== WHAT YOU SHOULD DO ==
Each line from the first down to the one containing "Orix cimitarra Oryx" should be returned exactly as it appears below.
[[ EXTRACTED RECORDS, beginning ]]
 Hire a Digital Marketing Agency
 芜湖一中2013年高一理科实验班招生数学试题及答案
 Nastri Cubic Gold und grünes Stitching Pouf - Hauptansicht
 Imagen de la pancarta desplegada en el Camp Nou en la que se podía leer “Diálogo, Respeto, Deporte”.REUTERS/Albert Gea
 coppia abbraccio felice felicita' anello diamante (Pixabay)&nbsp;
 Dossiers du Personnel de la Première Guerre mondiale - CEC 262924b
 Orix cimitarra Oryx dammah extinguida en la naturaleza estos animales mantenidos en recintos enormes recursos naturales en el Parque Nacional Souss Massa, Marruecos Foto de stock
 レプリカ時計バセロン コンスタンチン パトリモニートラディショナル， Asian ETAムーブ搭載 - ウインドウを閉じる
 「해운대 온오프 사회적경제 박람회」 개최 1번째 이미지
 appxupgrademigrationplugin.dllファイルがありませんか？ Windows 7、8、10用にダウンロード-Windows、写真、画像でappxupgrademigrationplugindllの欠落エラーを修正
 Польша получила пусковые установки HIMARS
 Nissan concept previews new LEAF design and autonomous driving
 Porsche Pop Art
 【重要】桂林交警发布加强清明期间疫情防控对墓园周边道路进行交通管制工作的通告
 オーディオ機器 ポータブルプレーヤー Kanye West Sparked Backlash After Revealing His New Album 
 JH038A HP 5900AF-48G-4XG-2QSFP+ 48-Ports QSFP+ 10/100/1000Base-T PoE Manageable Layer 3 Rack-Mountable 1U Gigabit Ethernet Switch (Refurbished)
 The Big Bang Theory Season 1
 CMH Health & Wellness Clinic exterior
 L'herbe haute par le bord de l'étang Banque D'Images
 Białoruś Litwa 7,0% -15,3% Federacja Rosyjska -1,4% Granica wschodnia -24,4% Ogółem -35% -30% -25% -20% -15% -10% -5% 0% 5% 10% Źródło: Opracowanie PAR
[[ EXTRACTED RECORDS, end ]]
== ANSWER TO THE EXERCISE ==
 Hire a Digital Marketing Agency
 芜湖一中2013年高一理科实验班招生数学试题及答案
 Nastri Cubic Gold und grünes Stitching Pouf - Hauptansicht
 Imagen de la pancarta desplegada en el Camp Nou en la que se podía leer “Diálogo, Respeto, Deporte”.REUTERS/Albert Gea
 coppia abbraccio felice felicita' anello diamante (Pixabay)&nbsp;
 Dossiers du Personnel de la Première Guerre mondiale - CEC 262924b
 Orix cimitarra Oryx dammah extinguida en la naturaleza estos animales mantenidos en recintos enormes recursos naturales en el Parque Nacional Souss Massa, Marruecos Foto de stock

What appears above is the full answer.